» **Provided data**:
BEGIN

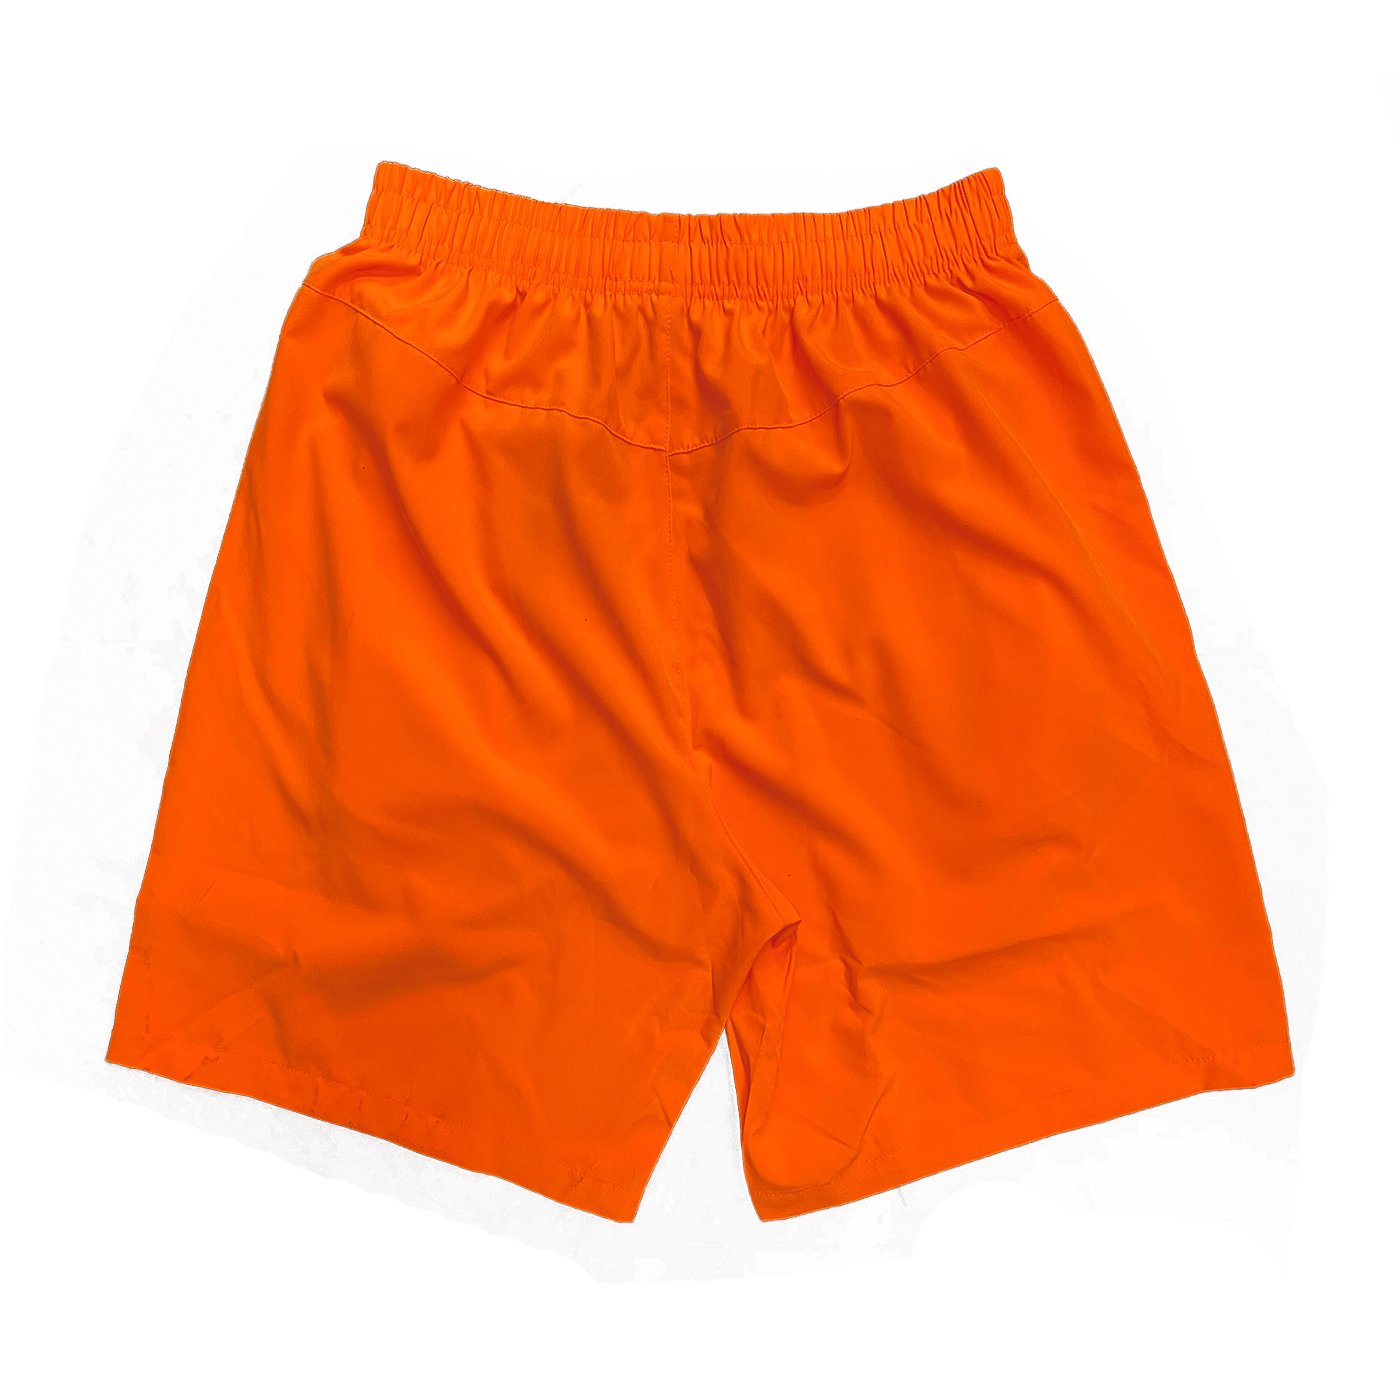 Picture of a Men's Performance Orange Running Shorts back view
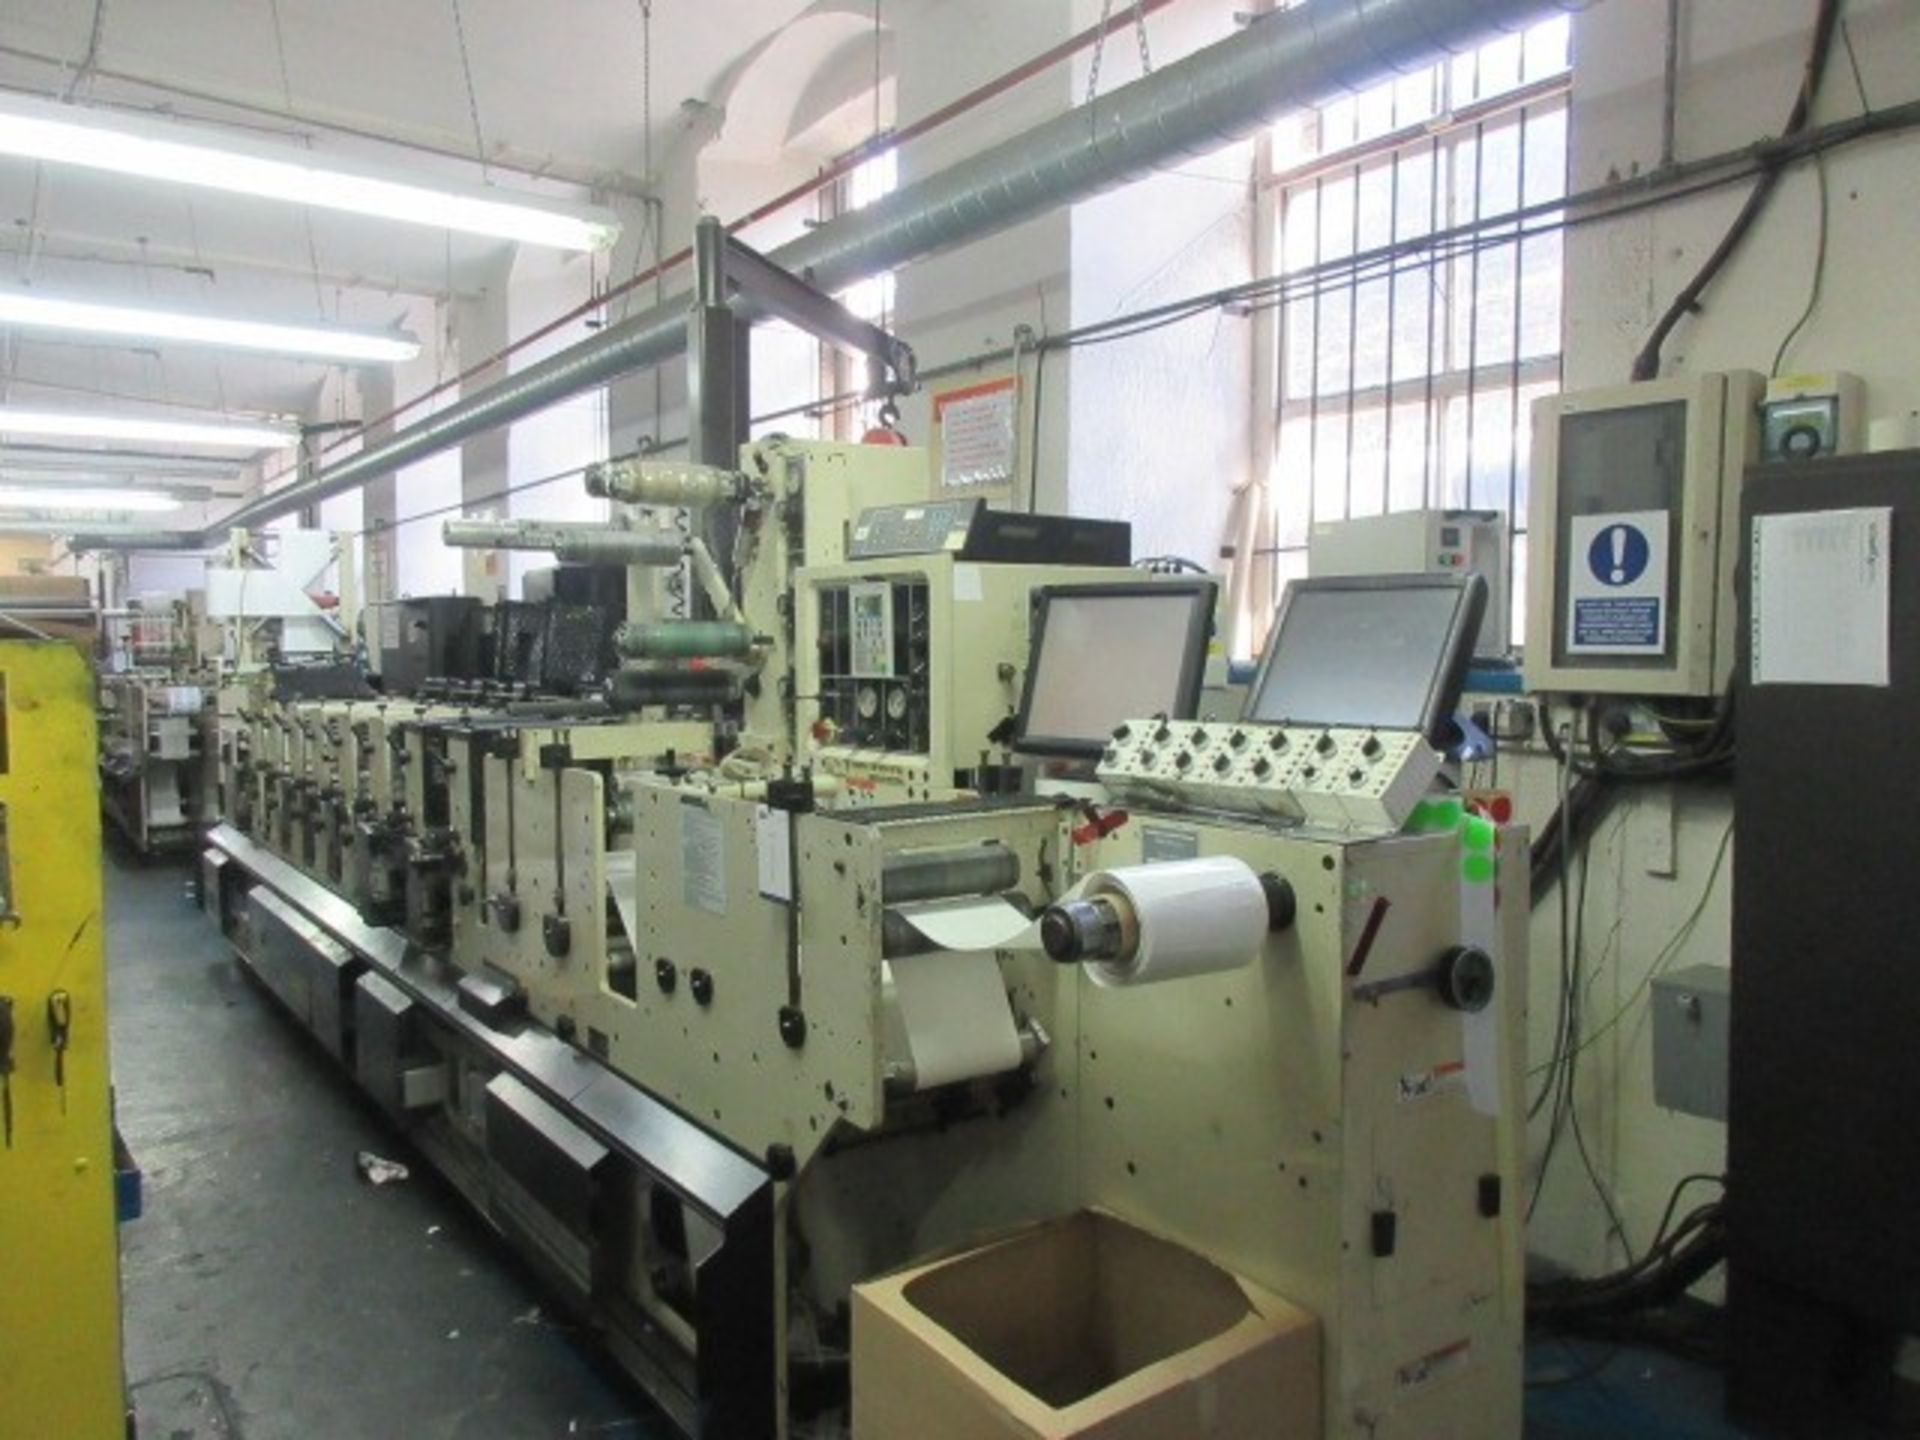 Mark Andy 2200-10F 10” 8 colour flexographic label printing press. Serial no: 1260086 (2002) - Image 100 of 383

END
BEGIN

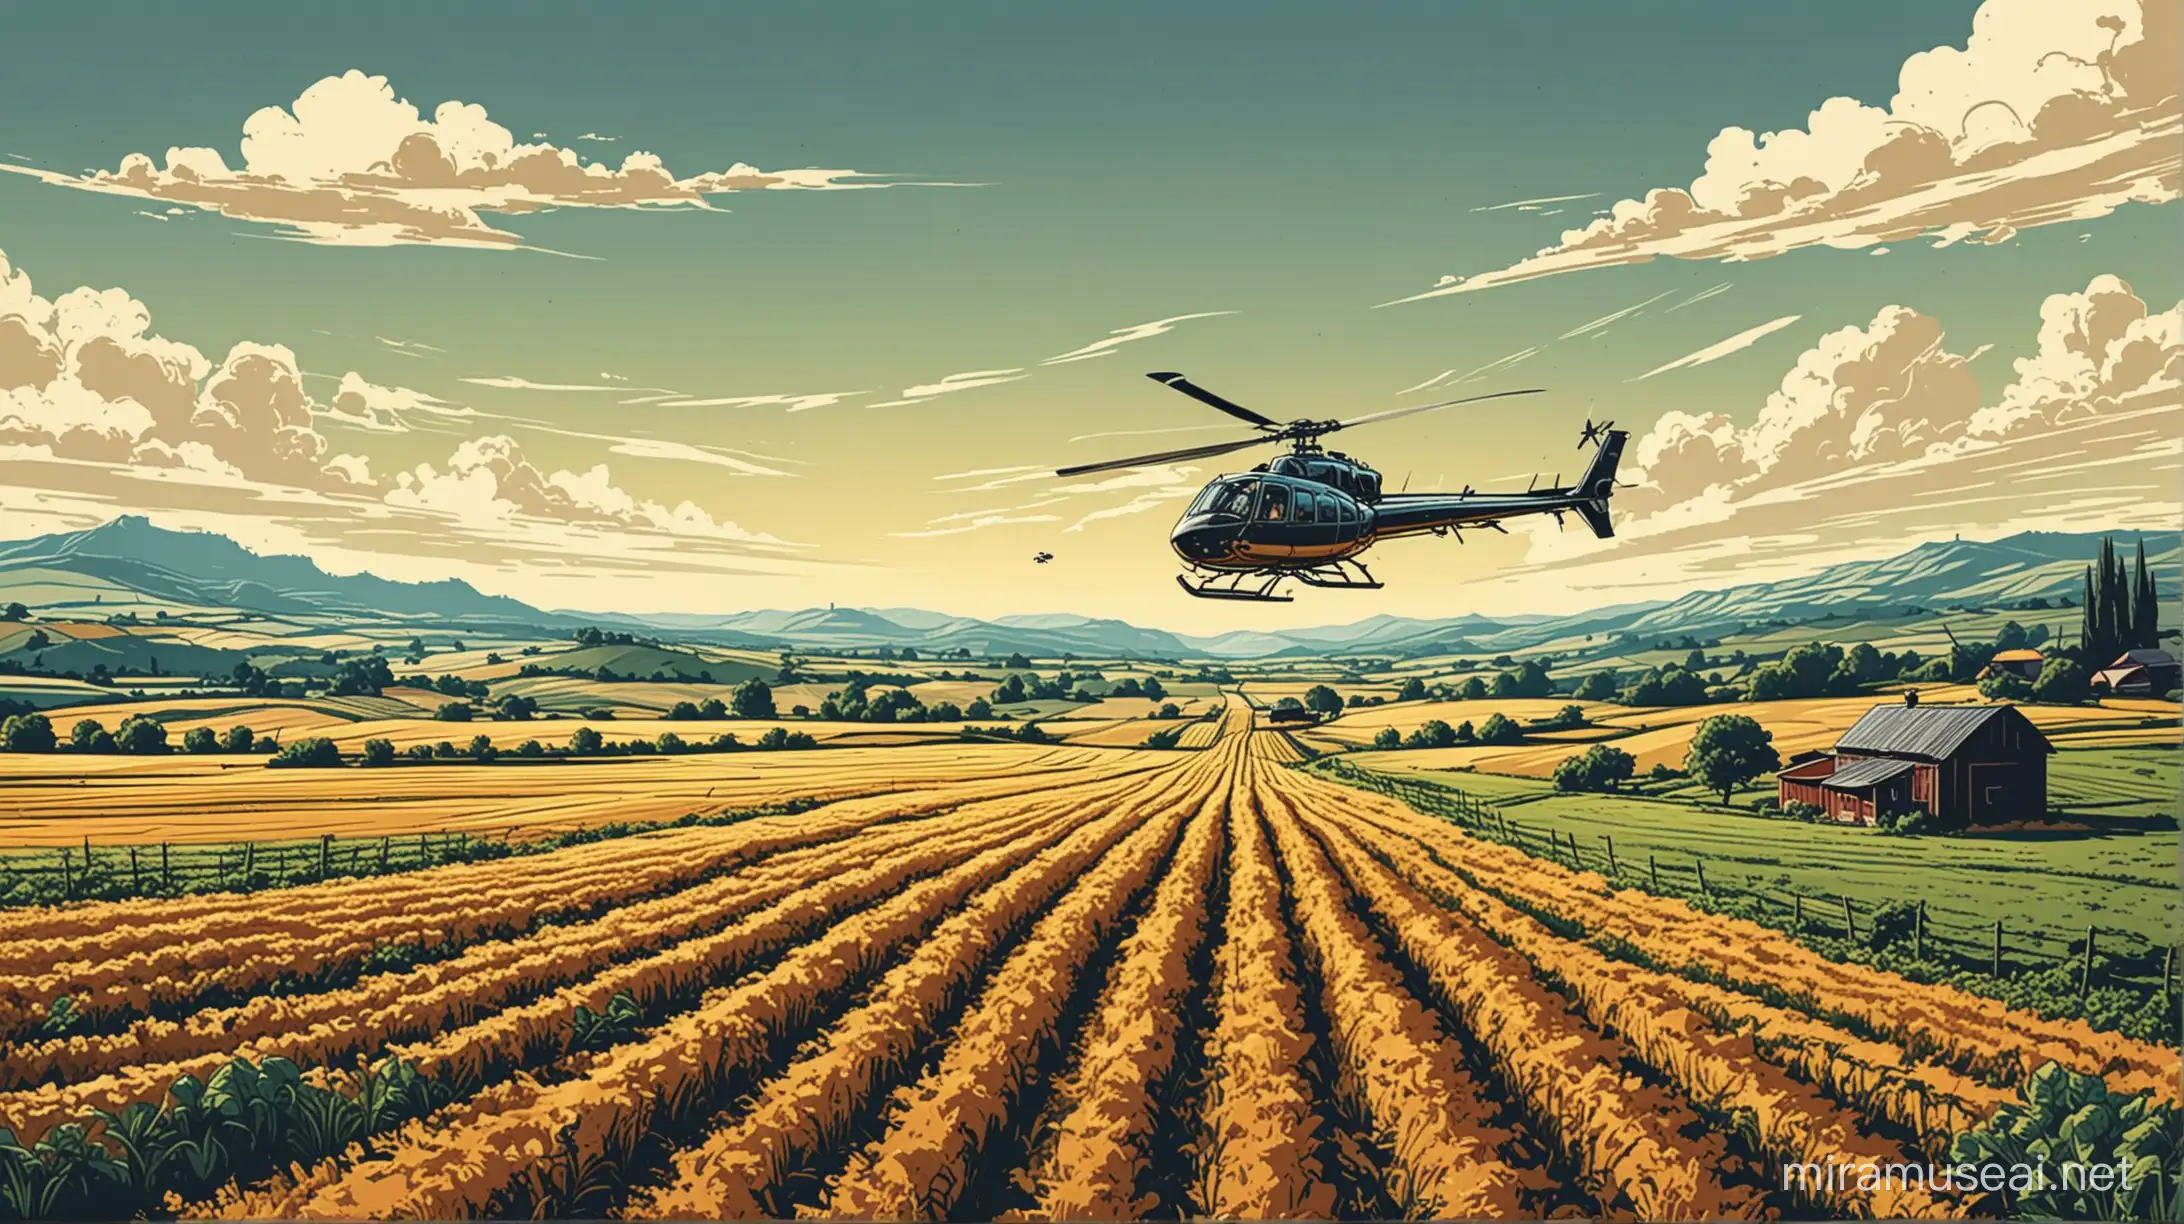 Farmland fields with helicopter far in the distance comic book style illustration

END

» **Your instructions**:
The answer is the lines of the material above, from the one containing "Picture of a" down to the one containing "Mark Andy 2200-10F", given exactly and without images.

» **Solution to this task**:
 Picture of a Men's Performance Orange Running Shorts back view
 Mark Andy 2200-10F 10” 8 colour flexographic label printing press. Serial no: 1260086 (2002) - Image 100 of 383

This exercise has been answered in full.